Boy, that looks like a smoking gun to me. We're dealing with a kernel
bug.

What's the platform here, including the exact kernel version? What
filesystem are you storing the database on?

regards, tom lane


From: Ray Stell <stellr(at)cns(dot)vt(dot)edu>
To: Tom Lane <tgl(at)sss(dot)pgh(dot)pa(dot)us>
Cc: theman <bitsandbytes88(at)hotmail(dot)com>, pgsql-admin(at)postgresql(dot)org
Subject: Re: COPY FROM command v8.1.4
Date: 2006-09-23 17:20:59
Message-ID: 20060923172059.GB4831@cns.vt.edu
Views: Raw Message | Whole Thread | Download mbox | Resend email
Lists: pgsql-admin


Curious how you get to an OS kernel bug from these writes? Aren't we
missing the associated db reads in this trc data? Maybe there been
other data provided off the list? Would love to see it.

Thanks.

On Fri, Sep 22, 2006 at 05:59:31PM -0400, Tom Lane wrote:
> "theman" <bitsandbytes88(at)hotmail(dot)com> writes:
> > lseek(10, 0, SEEK_END) = 913072128
> > write(10, "\0\0\0\0\0\0\0\0\0\0\0\0\0\0\0\0\0\0\0\0\0\0\0\0\0\0\0"..., 8192) = 8192
> > lseek(10, 0, SEEK_END) = 913080320
> > write(10, "\0\0\0\0\0\0\0\0\0\0\0\0\0\0\0\0\0\0\0\0\0\0\0\0\0\0\0"..., 8192) = 8192
> > lseek(10, 0, SEEK_END) = 913088512
> > write(10, "\0\0\0\0\0\0\0\0\0\0\0\0\0\0\0\0\0\0\0\0\0\0\0\0\0\0\0"..., 8192) = 8192
> > lseek(10, 0, SEEK_END) = 913088512
> > write(10, "\0\0\0\0\0\0\0\0\0\0\0\0\0\0\0\0\0\0\0\0\0\0\0\0\0\0\0"..., 8192) = 8192
> > lseek(10, 0, SEEK_END) = 913096704
> > write(10, "\0\0\0\0\0\0\0\0\0\0\0\0\0\0\0\0\0\0\0\0\0\0\0\0\0\0\0"..., 8192) = 8192
>
> Boy, that looks like a smoking gun to me. We're dealing with a kernel
> bug.
>
> What's the platform here, including the exact kernel version? What
> filesystem are you storing the database on?
>
> regards, tom lane
>
> ---------------------------(end of broadcast)---------------------------
> TIP 2: Don't 'kill -9' the postmaster


From: Tom Lane <tgl(at)sss(dot)pgh(dot)pa(dot)us>
To: Ray Stell <stellr(at)cns(dot)vt(dot)edu>
Cc: theman <bitsandbytes88(at)hotmail(dot)com>, pgsql-admin(at)postgresql(dot)org
Subject: Re: COPY FROM command v8.1.4
Date: 2006-09-23 17:41:00
Message-ID: 26301.1159033260@sss.pgh.pa.us
Views: Raw Message | Whole Thread | Download mbox | Resend email
Lists: pgsql-admin

Ray Stell <stellr(at)cns(dot)vt(dot)edu> writes:
> Curious how you get to an OS kernel bug from these writes?

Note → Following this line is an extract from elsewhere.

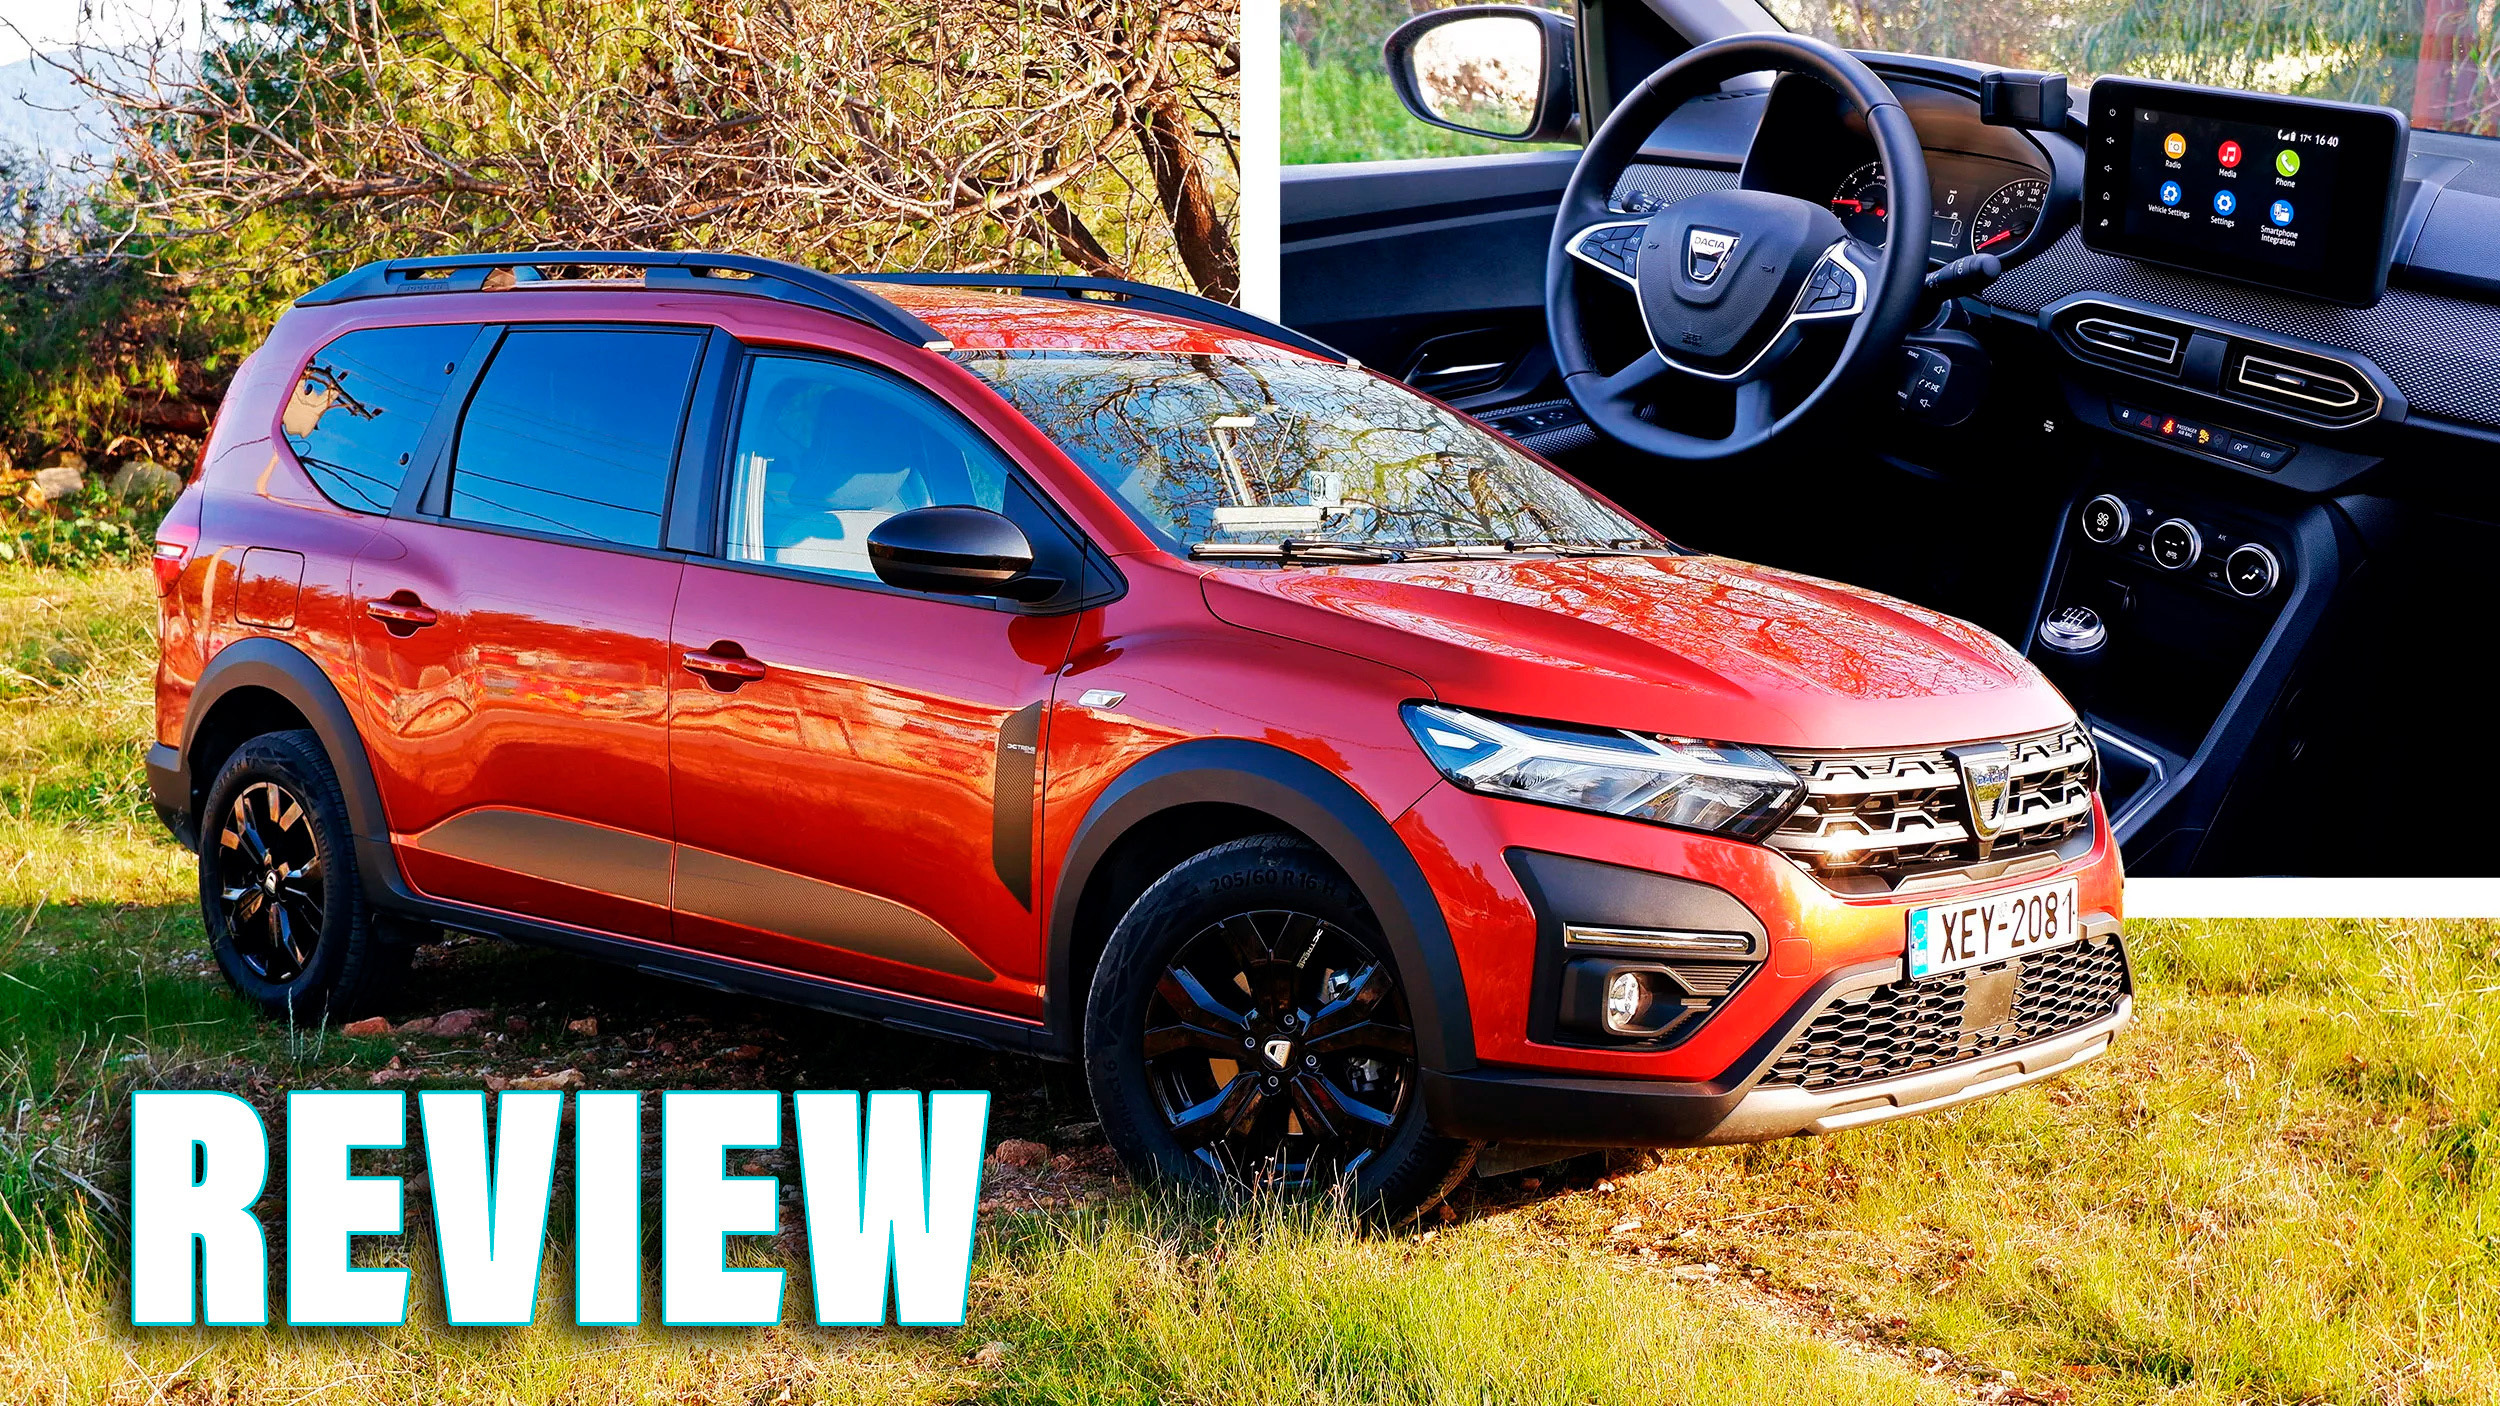 Driven: The Dacia Jogger 1.0 TCe LPG Is Your Budget-Friendly Family Hauler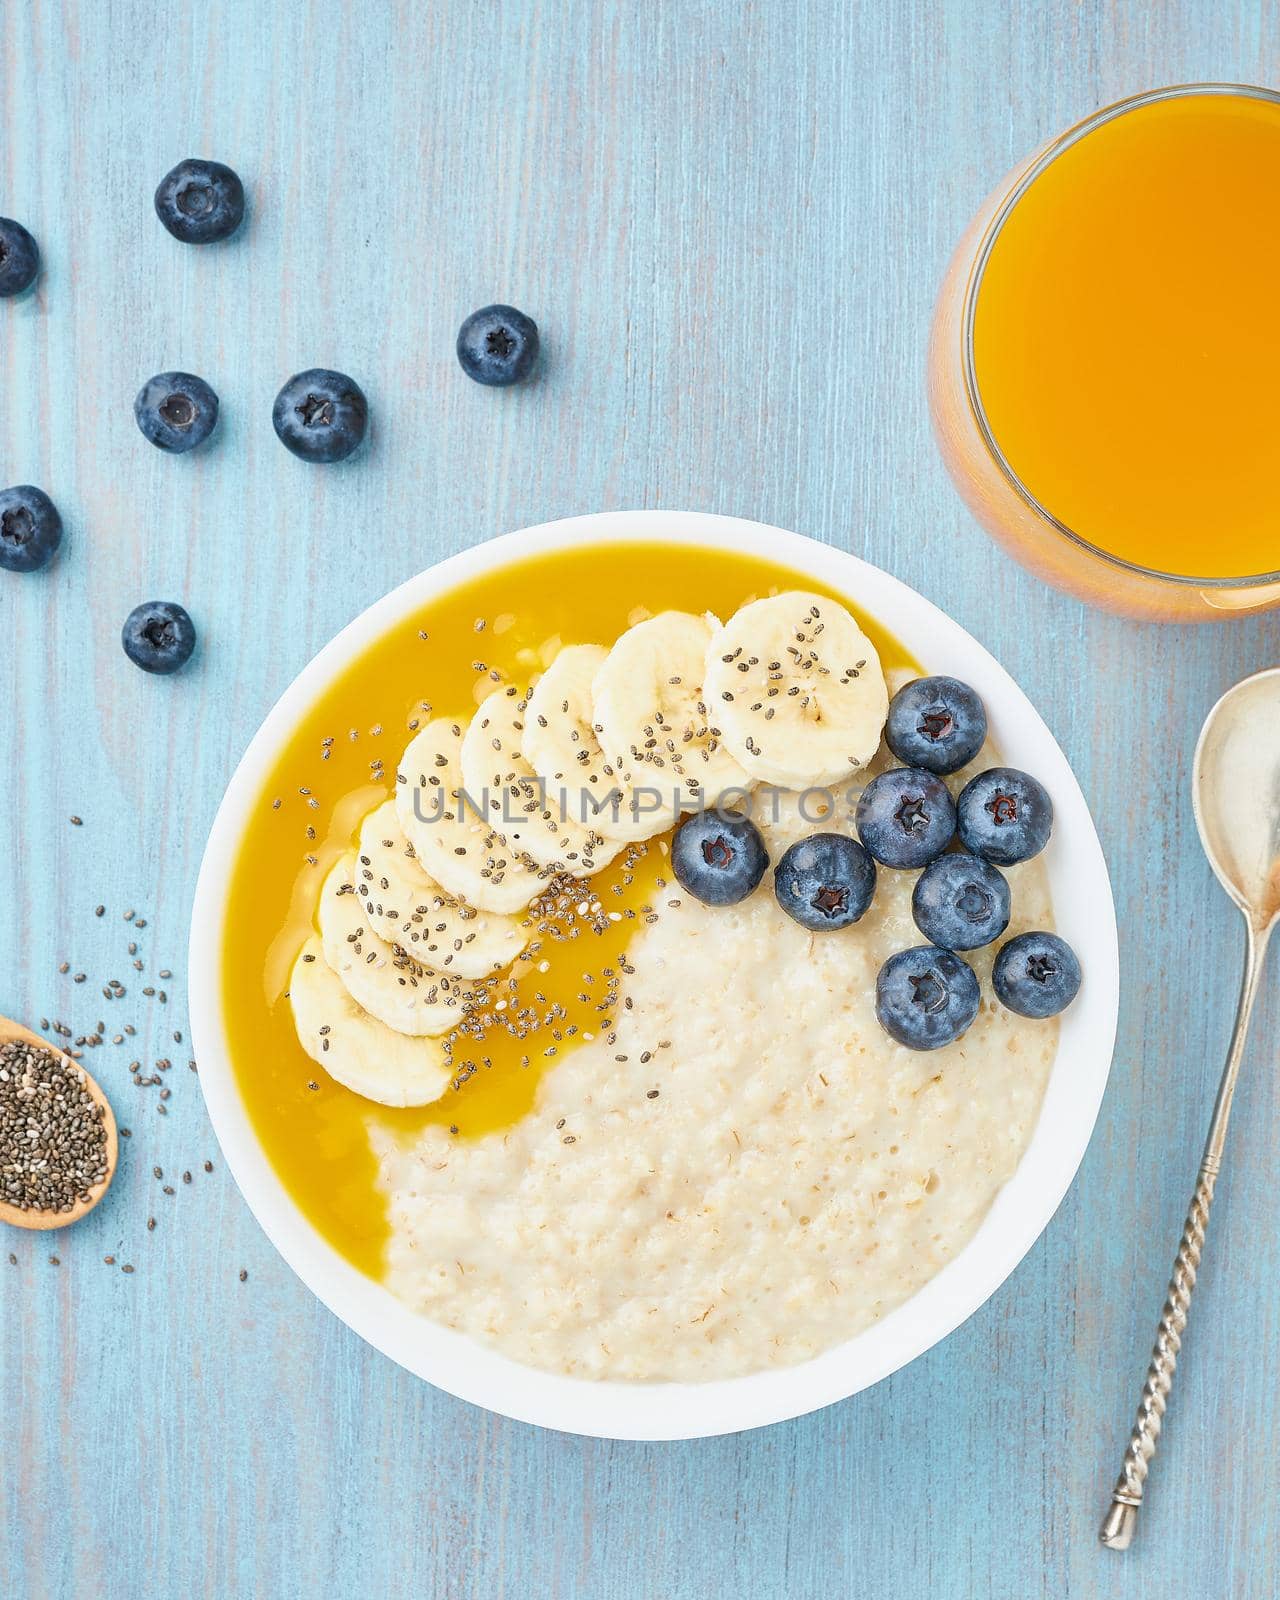 Oatmeal with bananas, blueberries, chia seeds, jam on blue wooden background by NataBene

Note the two successive lseek's returning the same result. With a
write() in between that should have extended the file, that is clearly
the wrong answer.

Subsequent discussion reveals that Dan is running

> Linux pike 2.6.5-7.244-smp #1 SMP Mon Dec 12 18:32:25 UTC 2005 x86_64 x86_64 x86_64 GNU/Linux
> SLES 9 suse linux enterprise 9 service pack 3

which is probably overdue for an update ...

regards, tom lane


From: "theman" <bitsandbytes88(at)hotmail(dot)com>
To: <pgsql-admin(at)postgresql(dot)org>
Subject: Re: COPY FROM command v8.1.4
Date: 2006-09-26 14:46:04
Message-ID: BAY116-DAV15FEE1017E1AE200A7A2B9D1250@phx.gbl
Views: Raw Message | Whole Thread | Download mbox | Resend email
Lists: pgsql-admin


Thanks a million Tom!

SLES support helped upgrade our SLES 9, sp3, linux kernel from 2.6.5-7.244
to 2.6.5-7.282. Since that we haven't had any blocks of rows beign
re-written or blanked out by the kernel. The new kernel is handling the
wirtes much better.

-----Original Message-----
From: Tom Lane [mailto:tgl(at)sss(dot)pgh(dot)pa(dot)us]
Sent: Saturday, September 23, 2006 1:41 PM
To: Ray Stell
Cc: theman; pgsql-admin(at)postgresql(dot)org
Subject: Re: [ADMIN] COPY FROM command v8.1.4

Ray Stell <stellr(at)cns(dot)vt(dot)edu> writes:
> Curious how you get to an OS kernel bug from these writes?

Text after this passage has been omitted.